▸ Material provided
══════
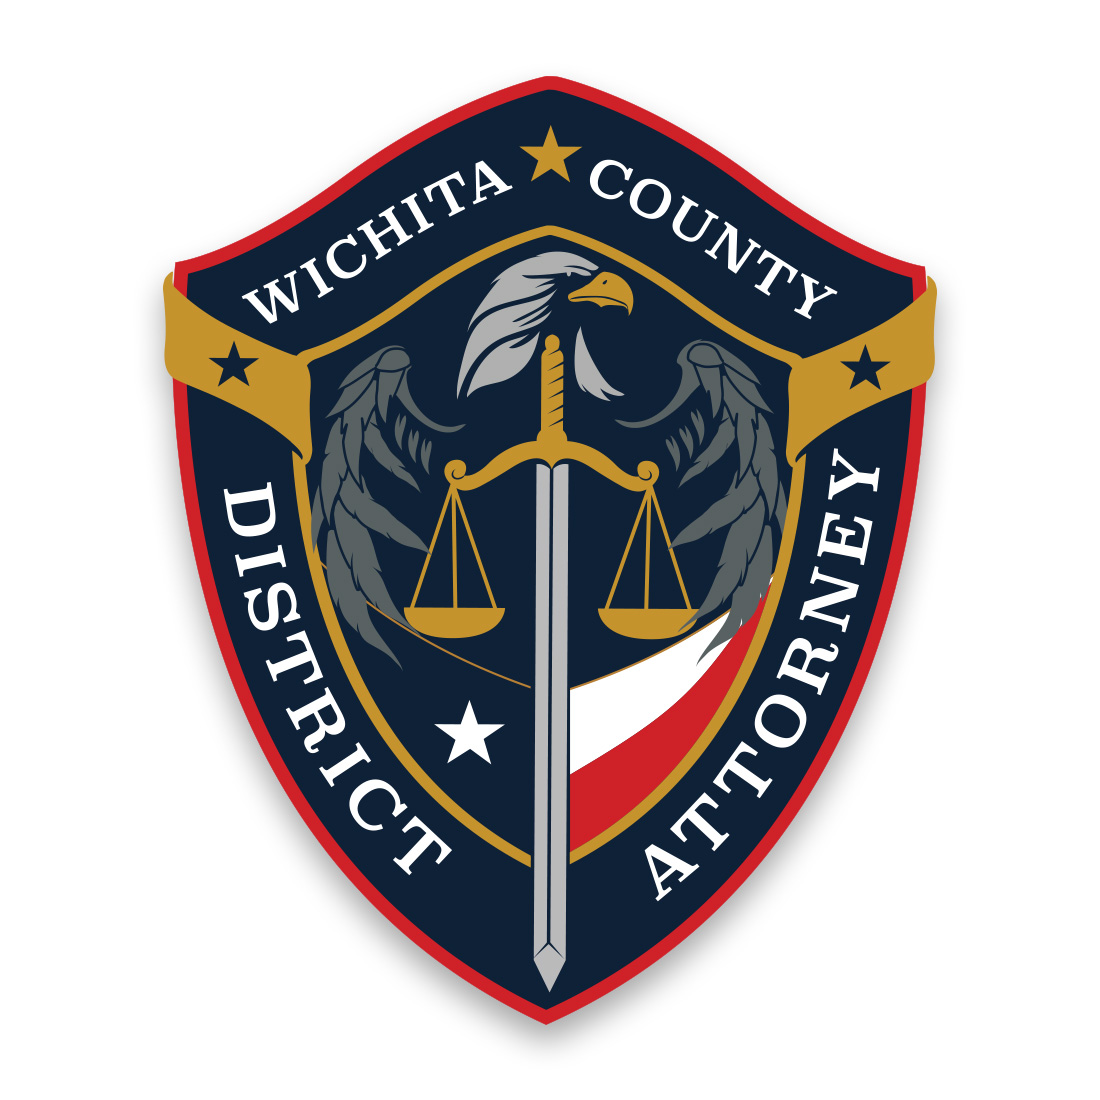 Wichita County District Attorney Seal Design
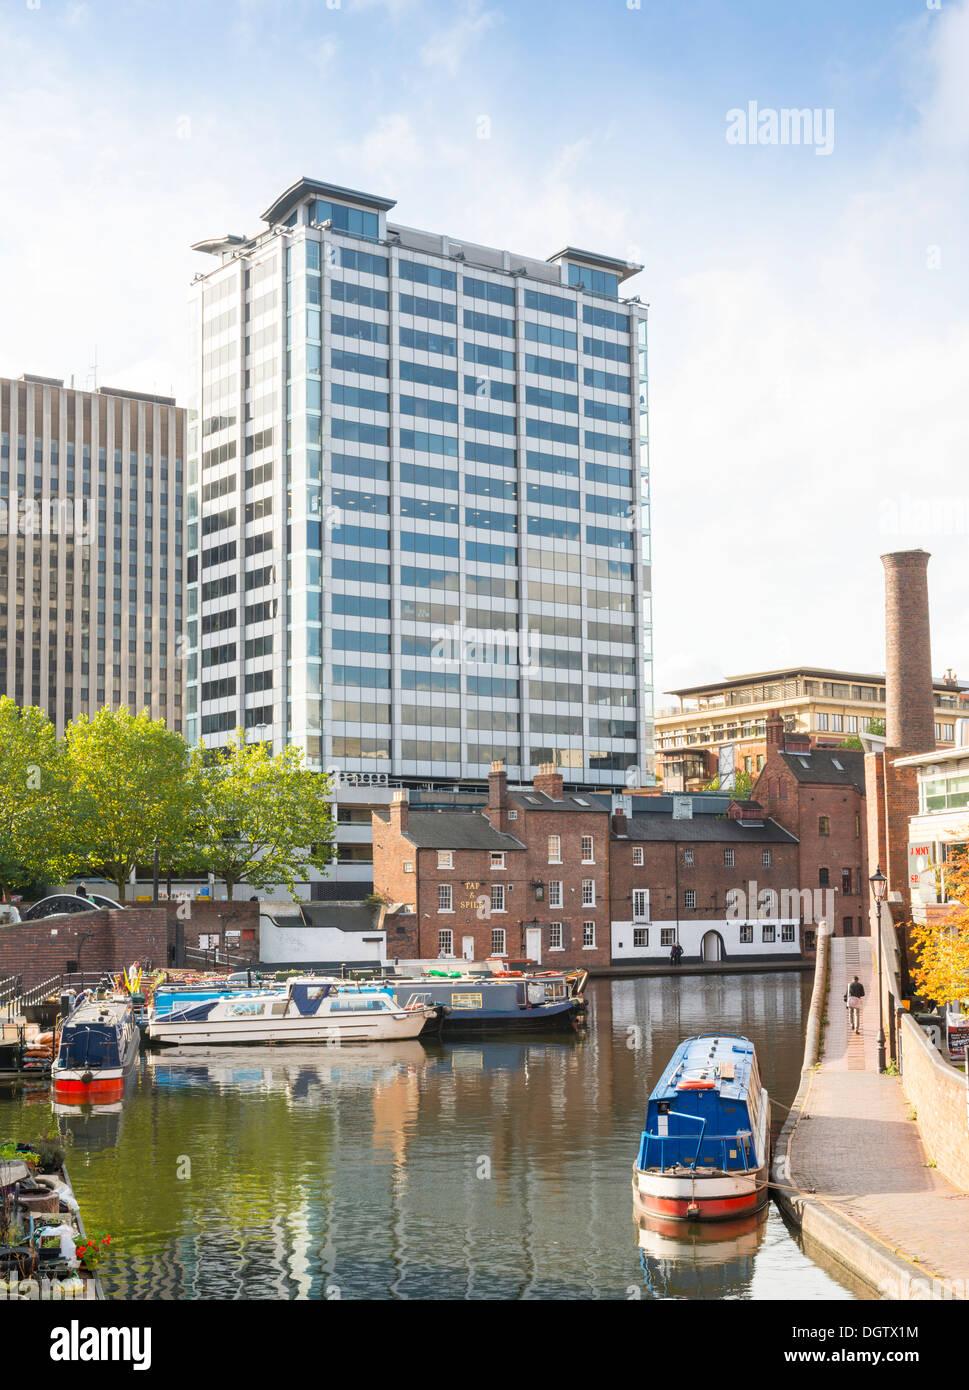 Bâtiment à quai comme vu à partir de gaz naturel du bassin de la rue, Birmingham, West Midlands, England, UK Photo Stock
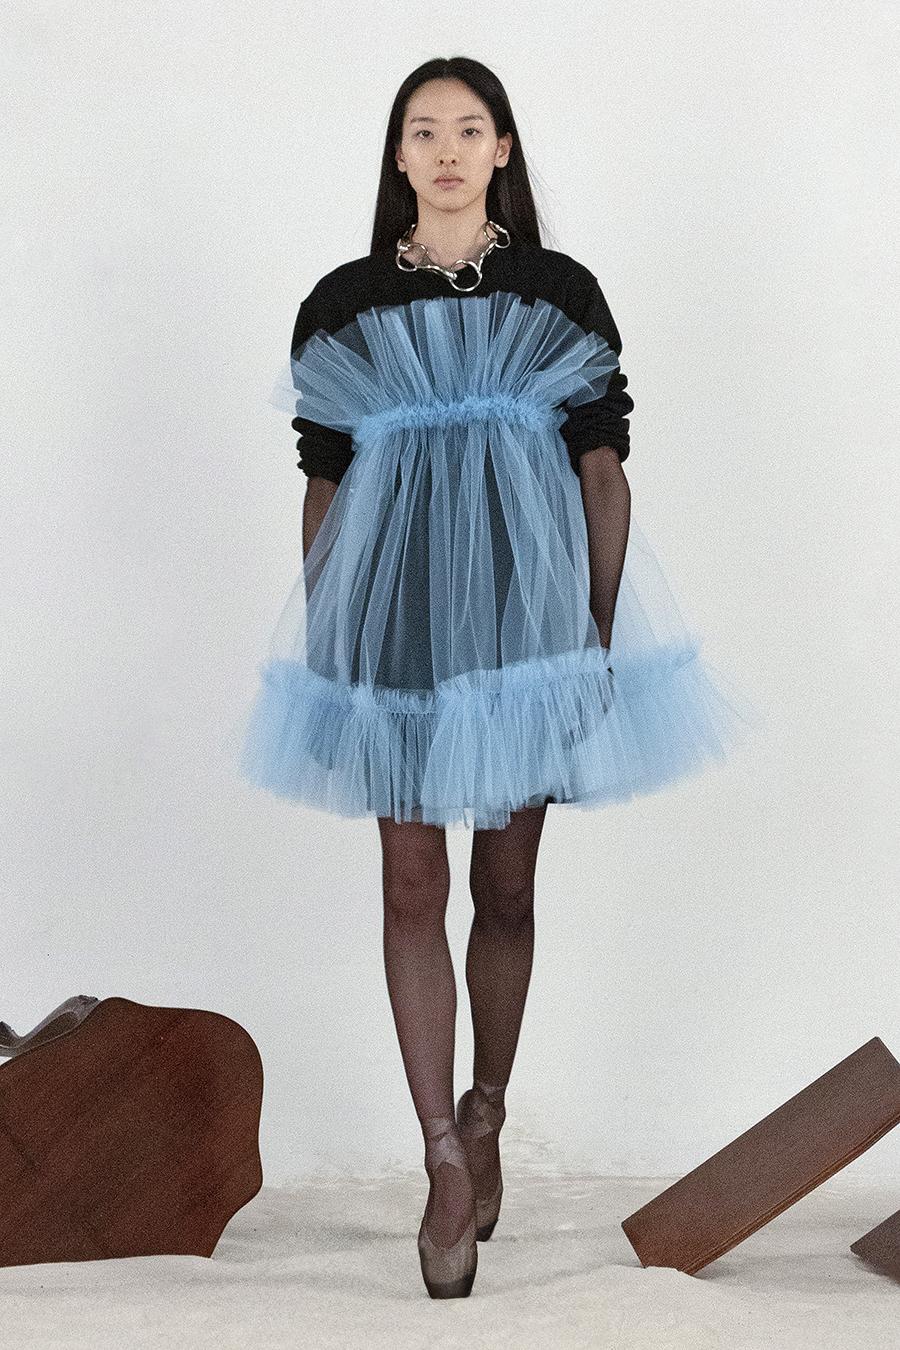 самые модные платья осень зима 2021 2022 прозрачное черное голубое пышное короткое мини
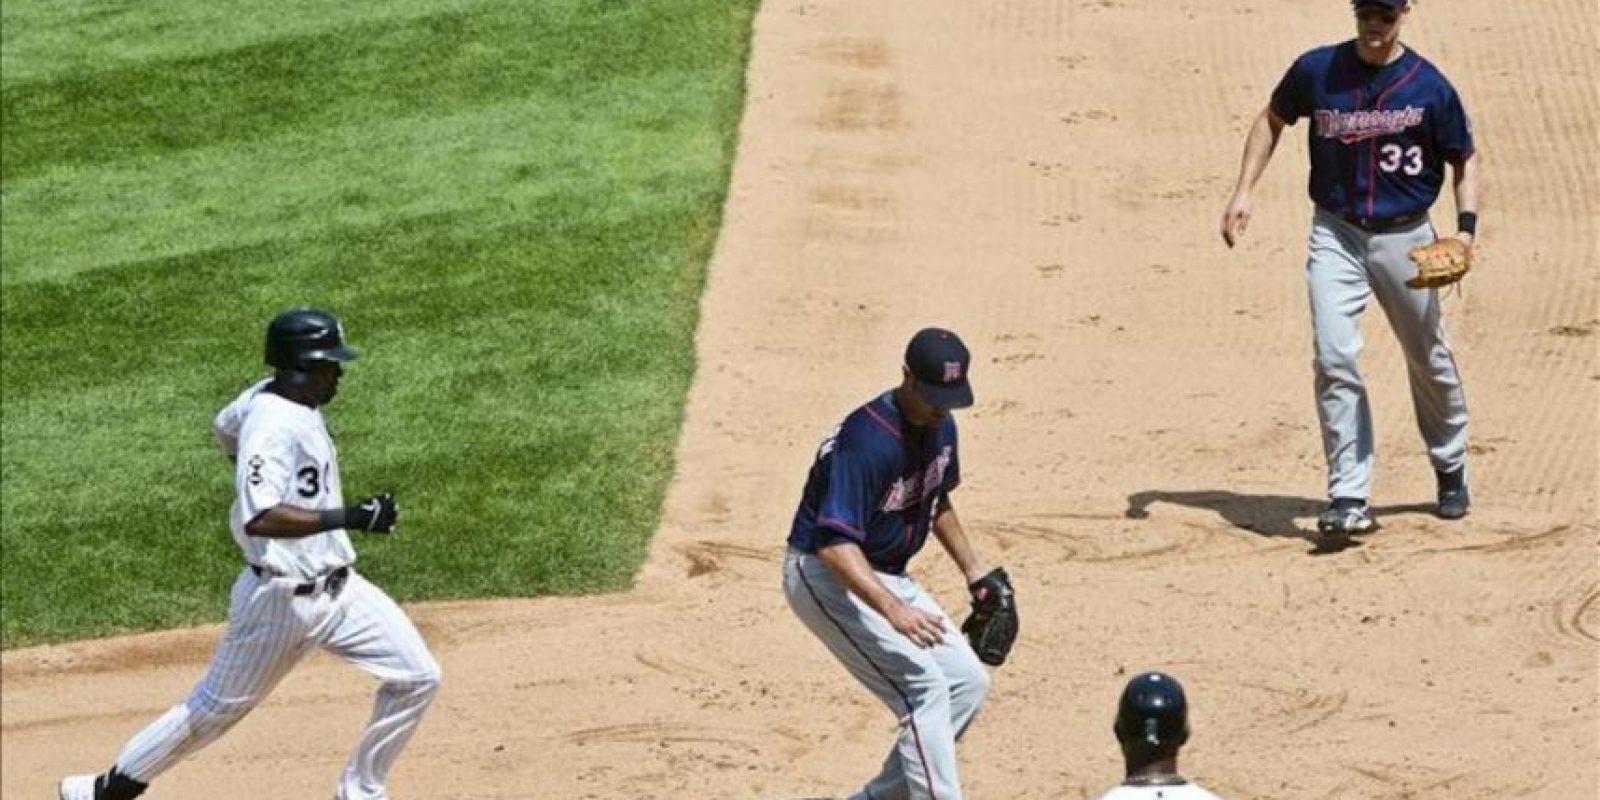 El jugador de los Mellizos, Nick Blackburn (c), en acción ante Alejandro De Aza (i) y Justin Morneau (d) de los Medias Blancas este 25 de julio, durante el juego de la MLB que se disputa en el Cellular Field en Chicago, Illinois (EEUU). EFE
══════
▸ What the task requires
Exact repetition of the data is needed, with no images retained.

▸ Task output
 Wichita County District Attorney Seal Design
 Bâtiment à quai comme vu à partir de gaz naturel du bassin de la rue, Birmingham, West Midlands, England, UK Photo Stock
 самые модные платья осень зима 2021 2022 прозрачное черное голубое пышное короткое мини
 El jugador de los Mellizos, Nick Blackburn (c), en acción ante Alejandro De Aza (i) y Justin Morneau (d) de los Medias Blancas este 25 de julio, durante el juego de la MLB que se disputa en el Cellular Field en Chicago, Illinois (EEUU). EFE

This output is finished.